Protect Your E-mail Domain

In addition to protecting internal staff from falling victim to e-mail spoofing, organizations should also take steps to prevent others from sending spoofed e-mail to customers and business partners using the organization's domain. The Sender Policy Framework (SPF) and DomainKeys Identified Mail (DKIM) provide the ability to lock down e-mail domains, restricting their use to authorized senders.

The Sender Policy Framework allows domain administrators to designate the authorized sources for e-mail sent from that domain. Administrators simply add DNS records listing the authorized servers and then third party mail servers that support SPF will verify that all inbound messages from the domain come from an authorized sender.

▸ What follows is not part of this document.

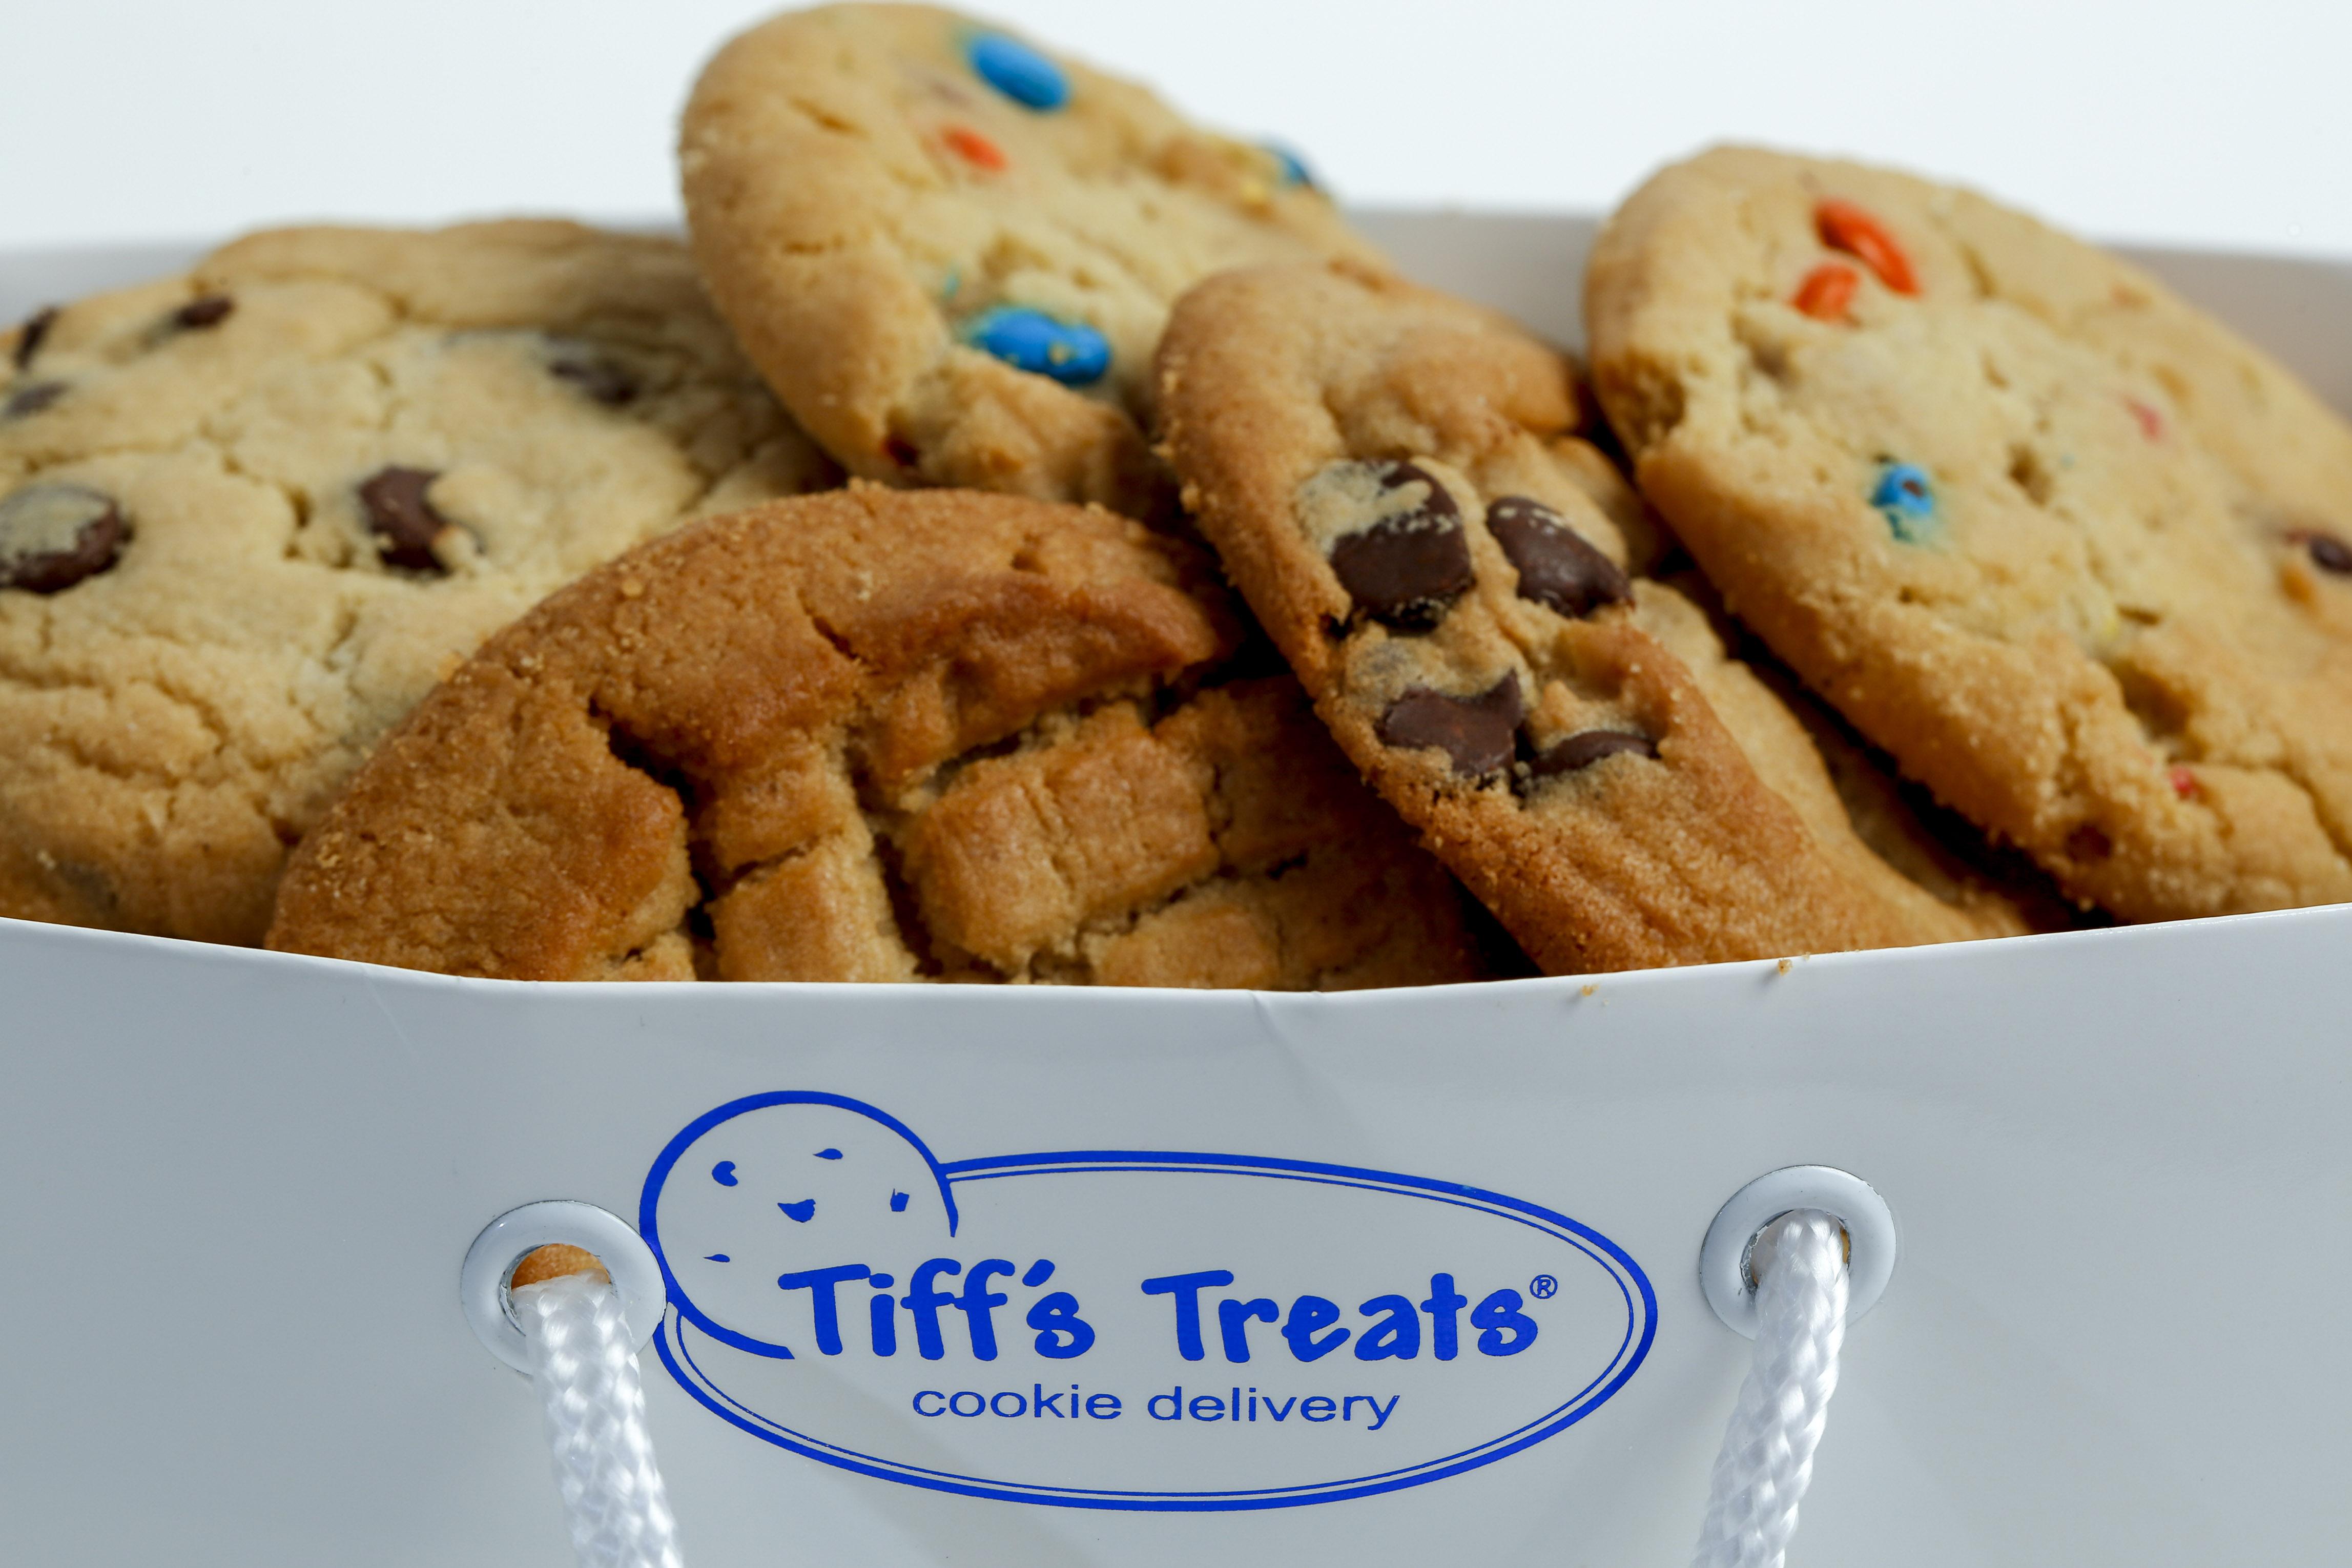 Tiff's Treats Closes $11M Funding Round |FinSMEs

DomainKeys Identified Mail goes a step further and verifies that the content of e-mail messages is authentic and was not tampered with during transit. Domain administrators create a public/private encryption keypair and store the public key in a DNS record. They then configure their mail servers to digitally sign each outbound message using the private key. Recipients may then verify the integrity of the message by using the sender's DKIM public key to validate the digital signature.

Don't get snared

E-mail spoofing is a real threat to enterprise cybersecurity, as illustrated by the successful attack against the Milwaukee Bucks. IT organizations seeking to address this risk should adopt a robust defensive strategy that combines awareness efforts with content filtering and e-mail domain protection.